United States District Court, W.D. Kentucky, Bowling Green Division

August 14, 2017

UNITED STATES OF AMERICA PLAINTIFF
v.
EDUARDO ROJAS CLARK DEFENDANT

          MEMORANDUM OPINION & ORDER

          Greg N. Stivers, Judge.

         This matter is before the Court upon Defendant's Objection to the Magistrate Judge's Findings of Facts, Conclusions of Law, and Recommendation (“R&R”) (DN 41) to Defendant's Motion to Suppress (DN 31). For the reasons outlined below, the Magistrate Judge's Findings of Facts, Conclusions of Law, and Recommendation (“R&R”) (DN 40) is ADOPTED, and Defendant's Objection is OVERRULED.

         I. BACKGROUND

         The R&R sets forth the relevant facts in detail. The Court sees no need to recite those facts again and, therefore, incorporates them by reference. (R. & R. 2-6, DN 40).

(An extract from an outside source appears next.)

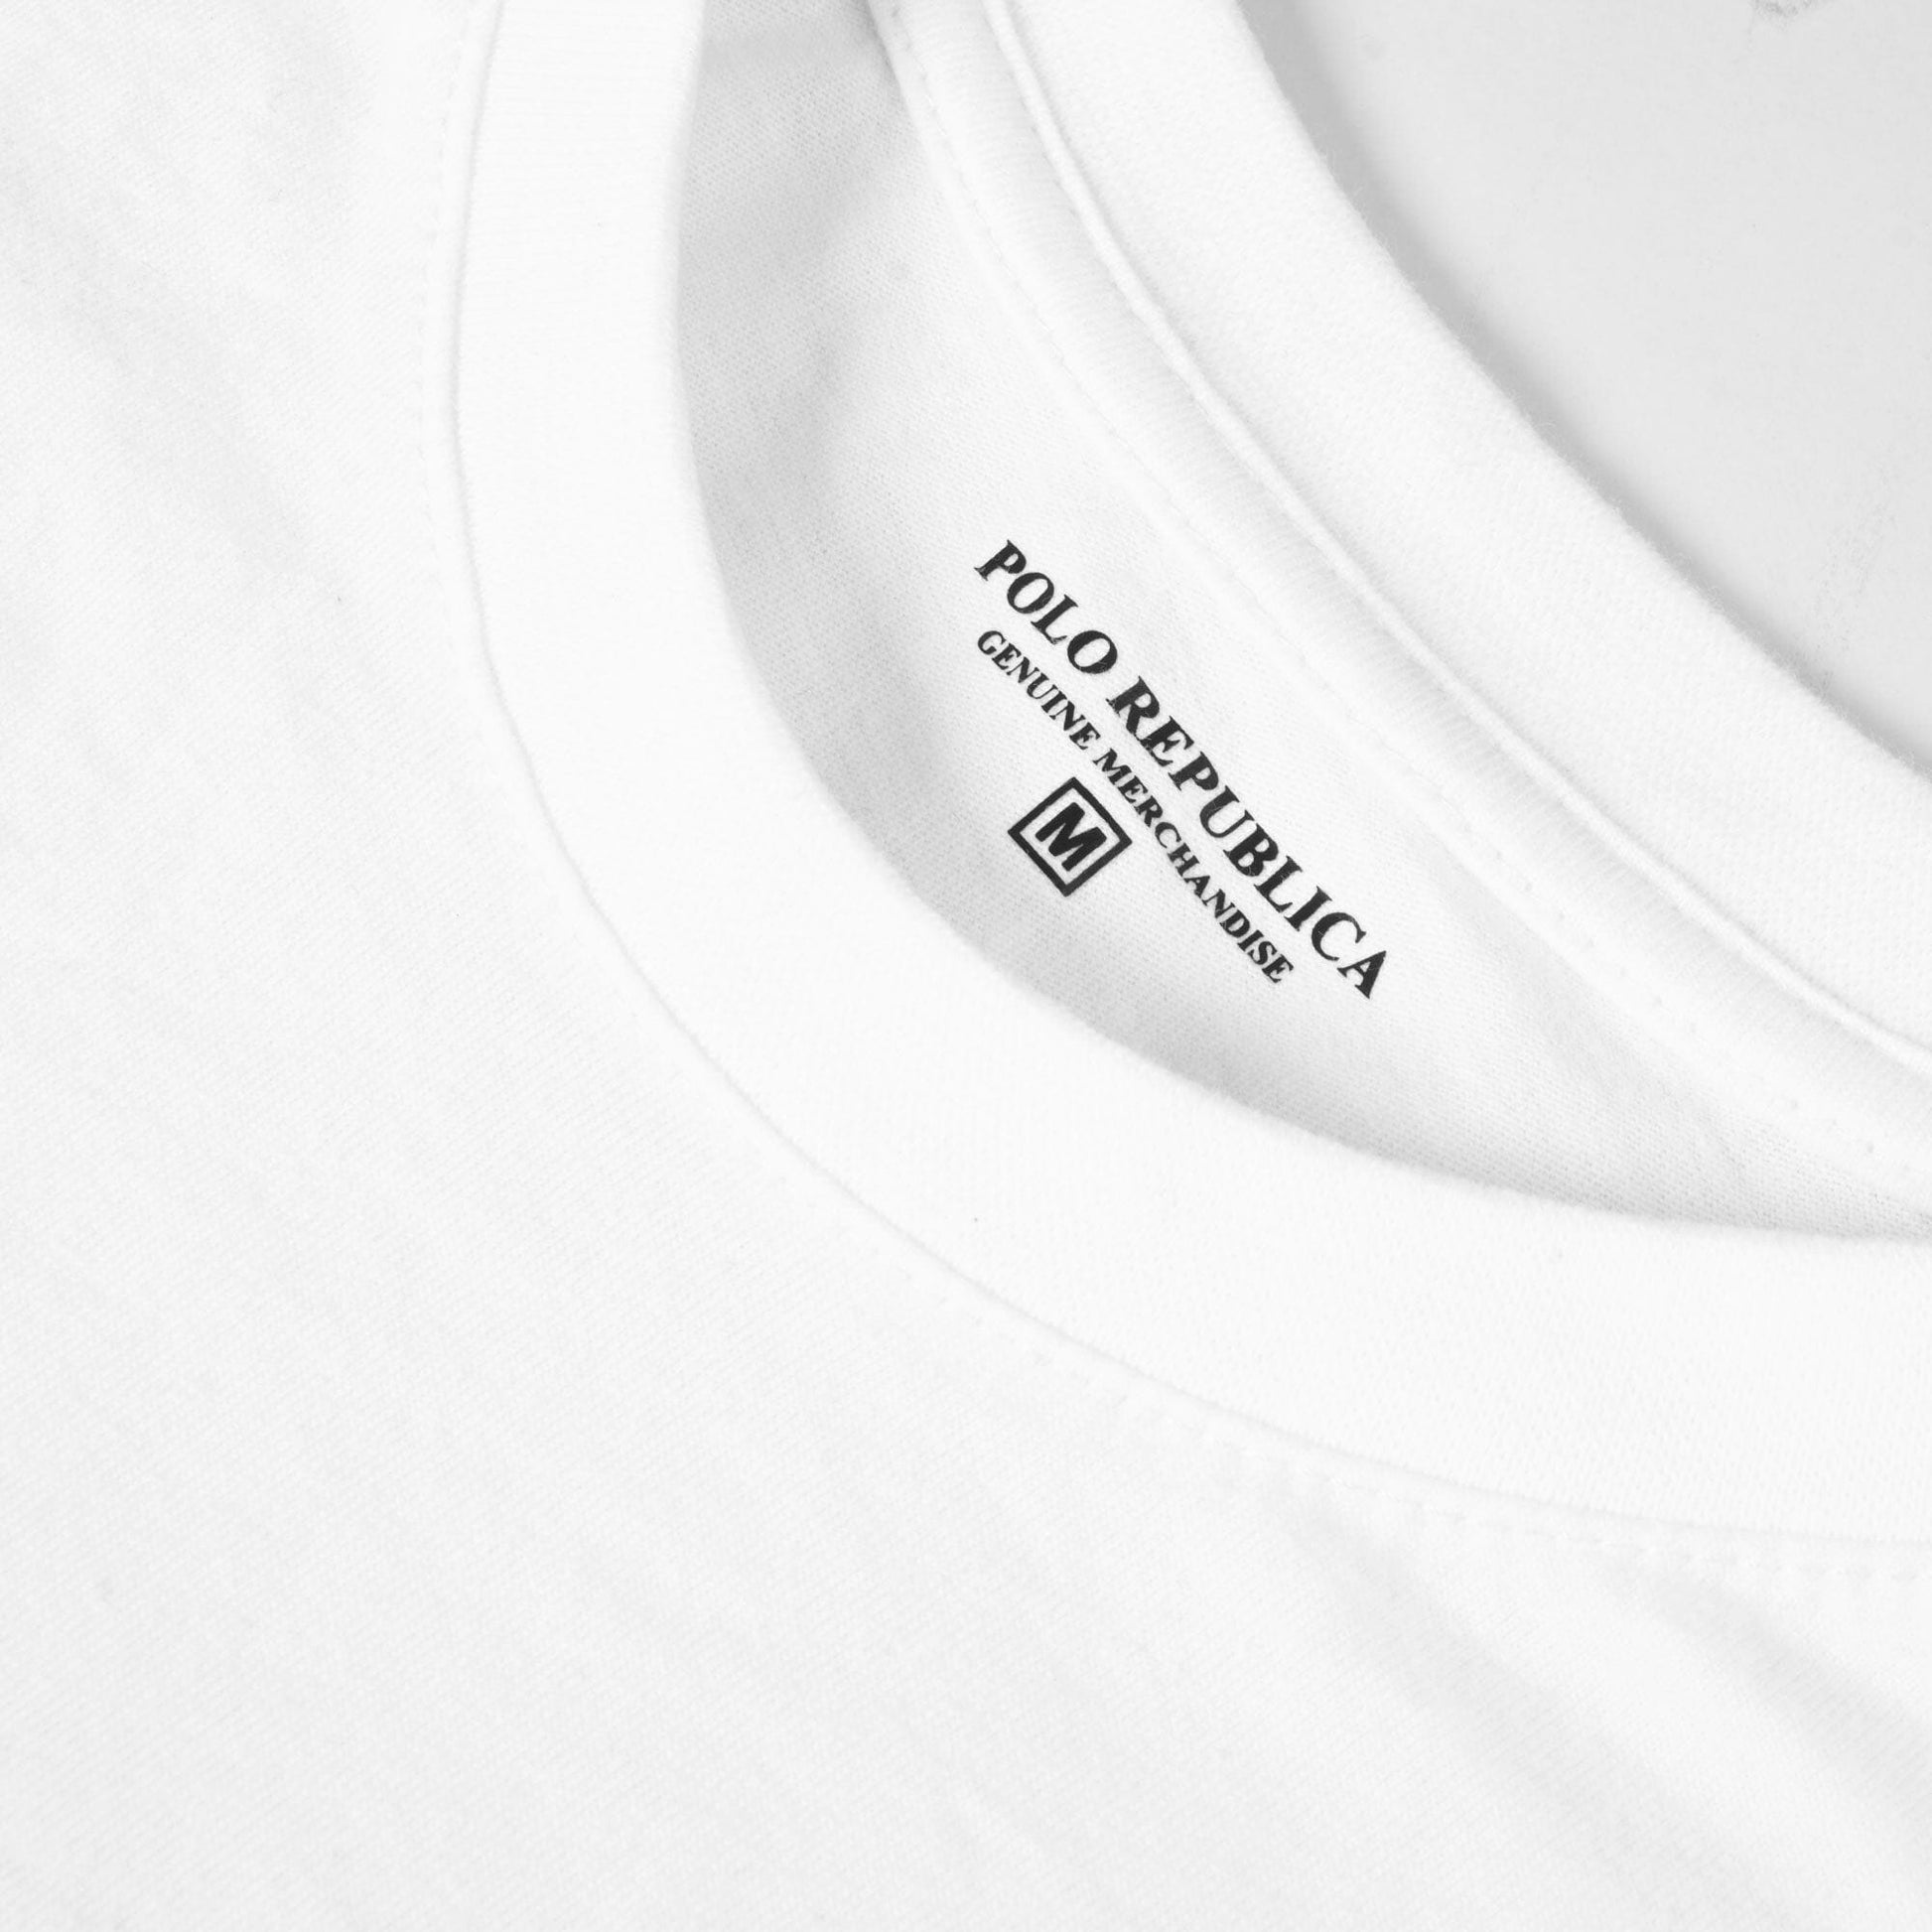 Polo Republica Men's Take Risk Printed Crew Neck Tee Shirt Men's Tee Shirt Polo Republica

         II. STANDARD OF REVIEW

         In United States v. Curtis, 237 F.3d 598 (6th Cir. 2001), the Sixth Circuit articulated the proper standard of review for objections to a ruling or recommendation by a magistrate judge:

[Section] 636(b) creates two different standards of review for district courts when a magistrate court's finding is challenged in district court. A district court shall apply a “clearly erroneous or contrary to law” standard of review for the “nondispositive” preliminary measures of § 636(b)(1)(A). Conversely, “dispositive motions” excepted from § 636(b)(1)(A), such as motions for summary judgment or for the suppression of evidence, are governed by the de novo standard.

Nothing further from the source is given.